Cala il numero di diplomati che scelgono di proseguire gli studi iscrivendosi ad un corso universitario: la notizia è contenuta nell’annuario statistico 2007 dell’Istat, l’Istituto nazionale di statistica, dove si riporta che i giovani che nell’anno accademico 2005/2006 si sono iscritti per la prima volta all’università sono stati poco più di 324 mila, circa 8 mila in meno rispetto all’anno precedente.
Si tratta di un decremento piuttosto significativo, pari al 2,3%, che diventa ancora più evidente a fronte dell’innalzamento della popolazione universitaria (+4.000 studenti per un totale di 1.823.886 iscritti, di cui il 93,1% risulta iscritto ai corsi di laurea triennali) a cui evidentemente si avvicinano sempre più persone con trascorsi lavorativi.
L’Istat ha poi fatto sapere le variazioni del tasso di scolarità: a livello di scuola media-superiore è salito fino al 92,4% (contro l’89,8% del 2001/2002). A livello di scuola dell’infanzia e primaria, invece, è confermata la frequenza vicina al 100% degli aventi diritto-dovere.
Tra i tanti dati emessi dall’Istat ve ne sono alcuni davvero interessanti, soprattutto a livello accademico: uno studente universitario su cinque studia in una regione diversa da quella di residenza; è poi confermata la maggiore propensione delle ragazze a proseguire gli studi oltre la scuola secondaria. Le diplomate che infatti si iscrivono a un corso universitario sono ben 76 su 100, mentre i diplomati solo 64 su 100. Le donne sono inoltre portate a concludere prima il percorso accademico: le laureate sono circa 27 ogni 100 venticinquenni contro i 19 laureati ogni 100 maschi della stessa età.

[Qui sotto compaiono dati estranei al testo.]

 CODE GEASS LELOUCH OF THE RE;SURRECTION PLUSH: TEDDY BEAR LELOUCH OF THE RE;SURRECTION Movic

Le laureate continuano però ad avere più difficoltà nel trovare un lavoro continuativo, subito dopo la laurea, rispetto ai colleghi maschi: sono appena il 52% quelle che hanno un lavoro continuativo contro il 62% dei maschi. 
La differenza, come anche avviene a livello di competenze acquisite, non è solo legata al sesso, ma anche al territorio: al Nord i laureati che lavorano continuativamente sono il 64,6%, al Centro il 56,2% e appena il 42,3% al Sud.

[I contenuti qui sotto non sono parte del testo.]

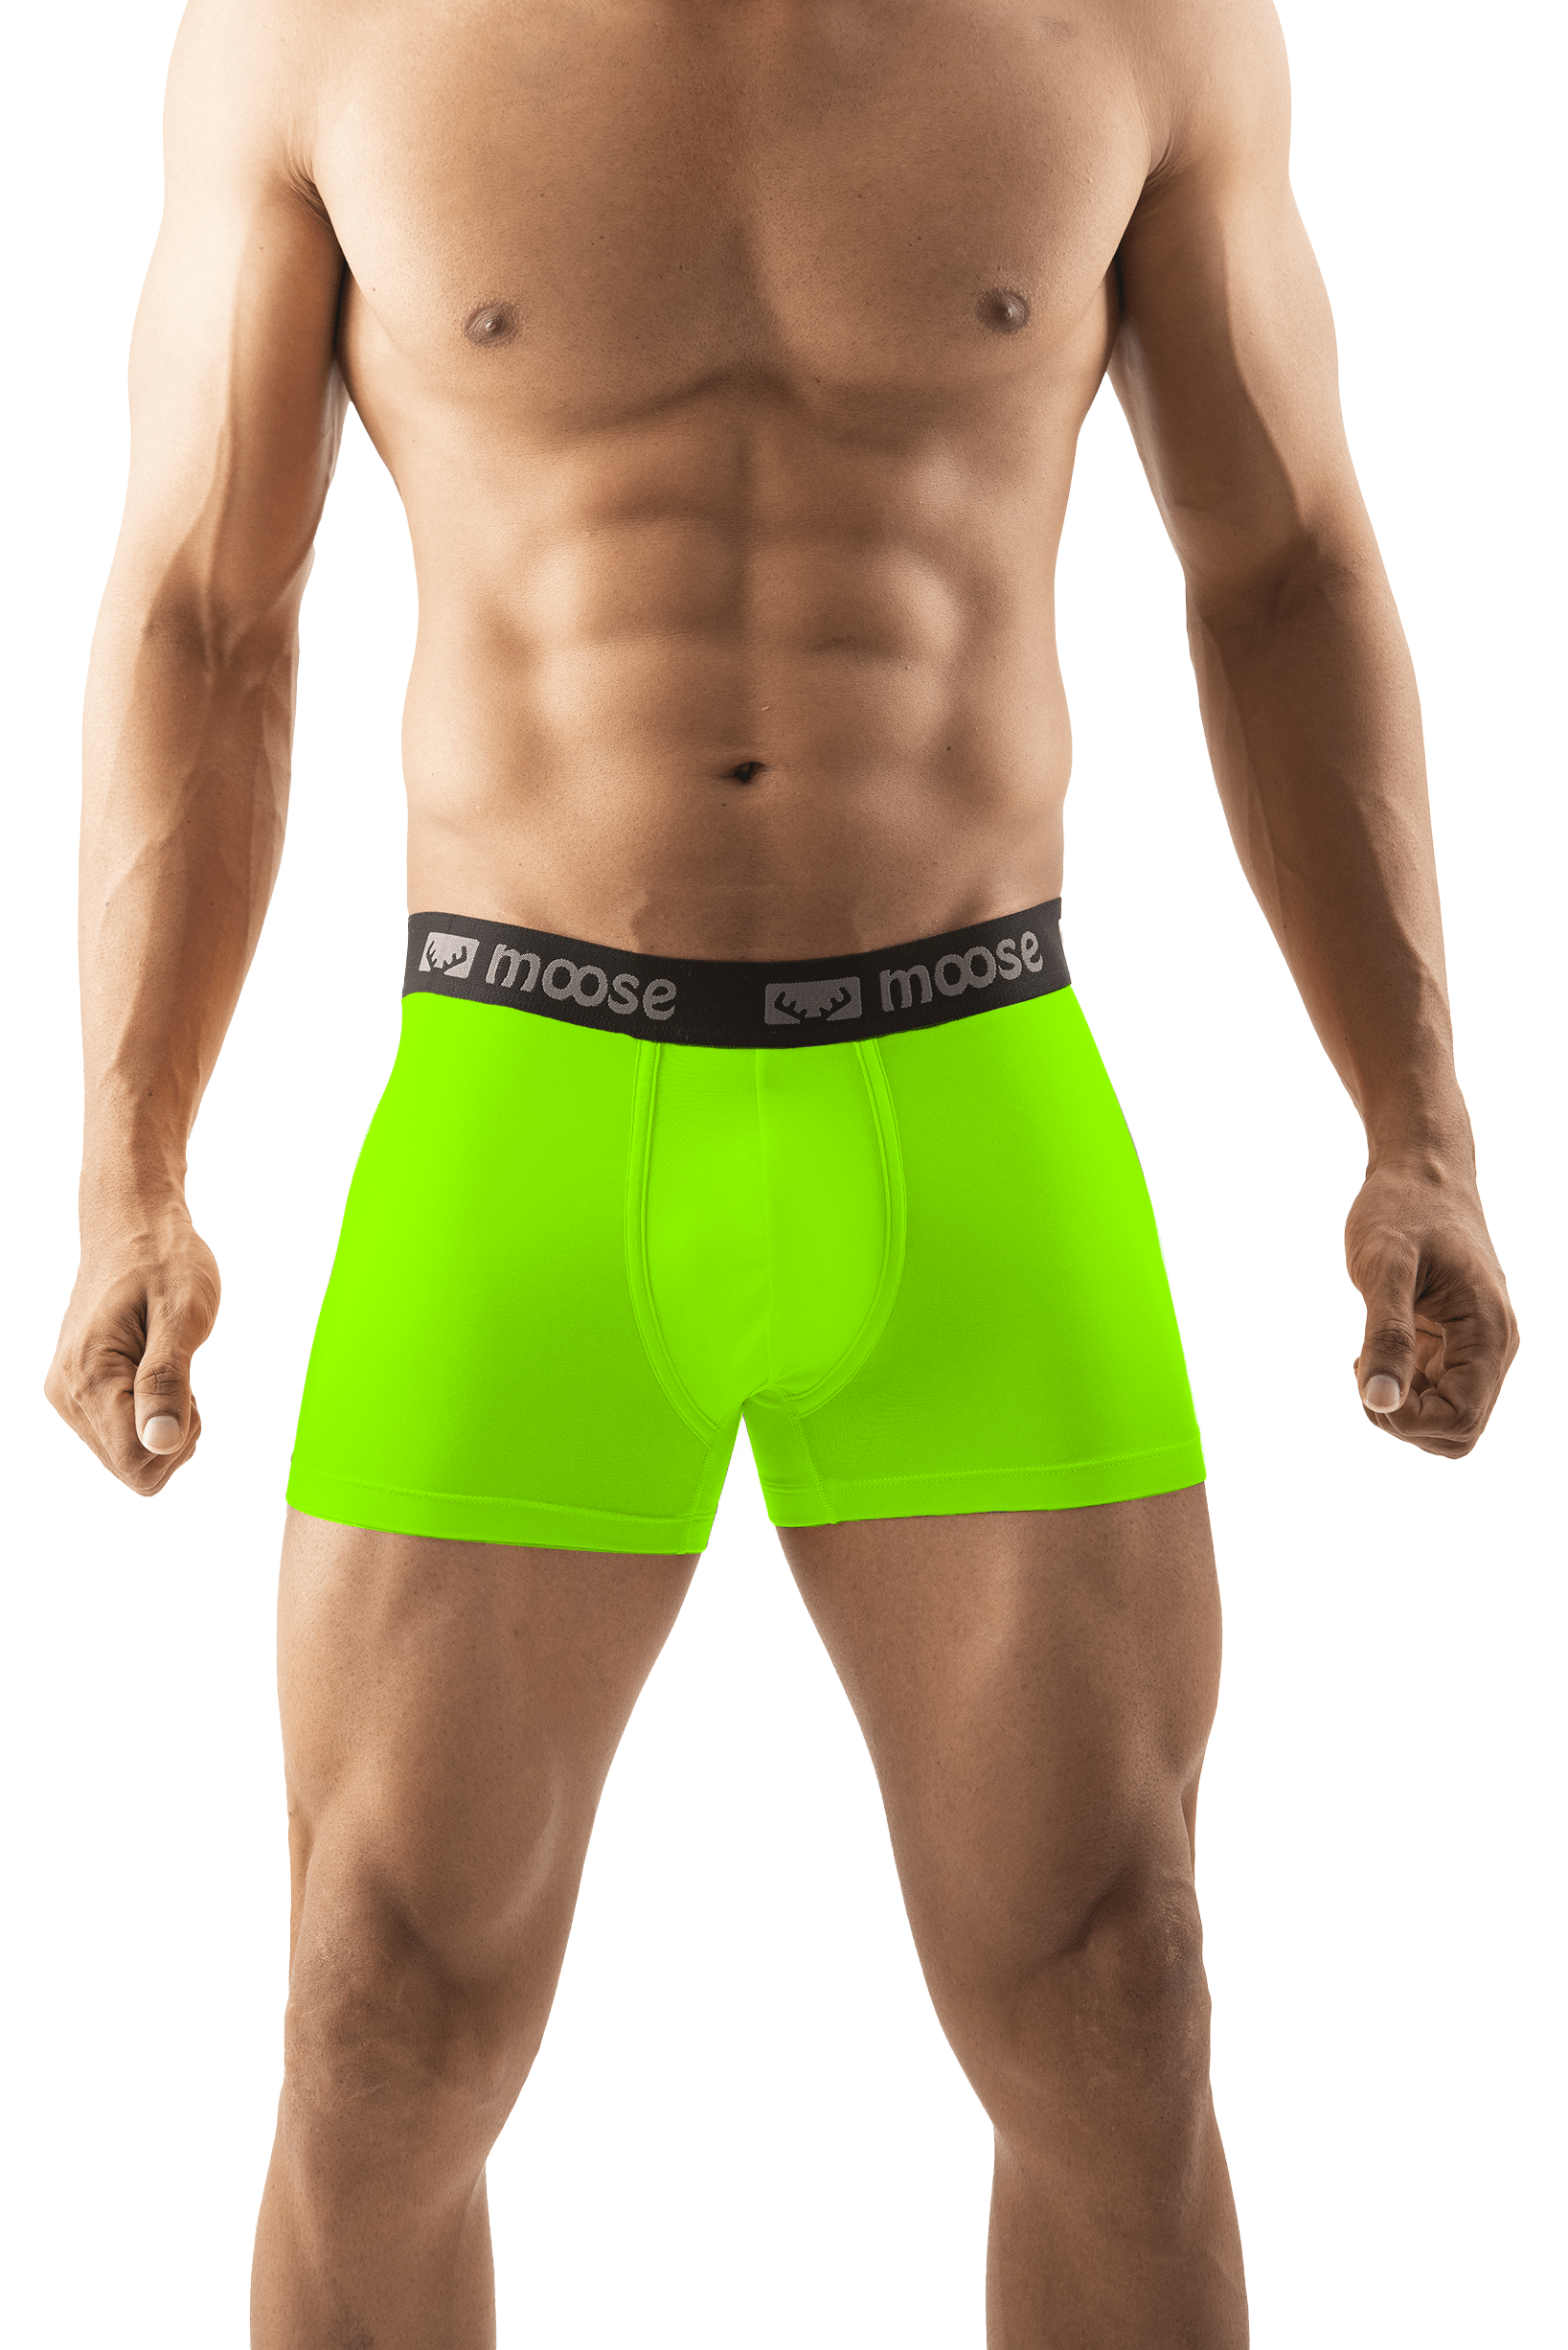 Brand Logo Mens Boxer Shorts Manufacturers, Daily Wear at Rs 250

Per quanto riguarda le migliori opportunità di inserimento professionale dei laureati, l’Istat indica i corsi dei gruppi ingegneria (l’81,6% svolge un lavoro continuativo iniziato dopo il conseguimento della laurea), ma anche chimico-farmaceutico (72,5%), economico-statistico (68,1%) e di architettura (60,0%). Poi tutte le altre, con Facoltà che sono decisamente più vicine allo zero che al cento: un dato che forse spiega, almeno in parte, il minor numero di matricole neo-diplomate.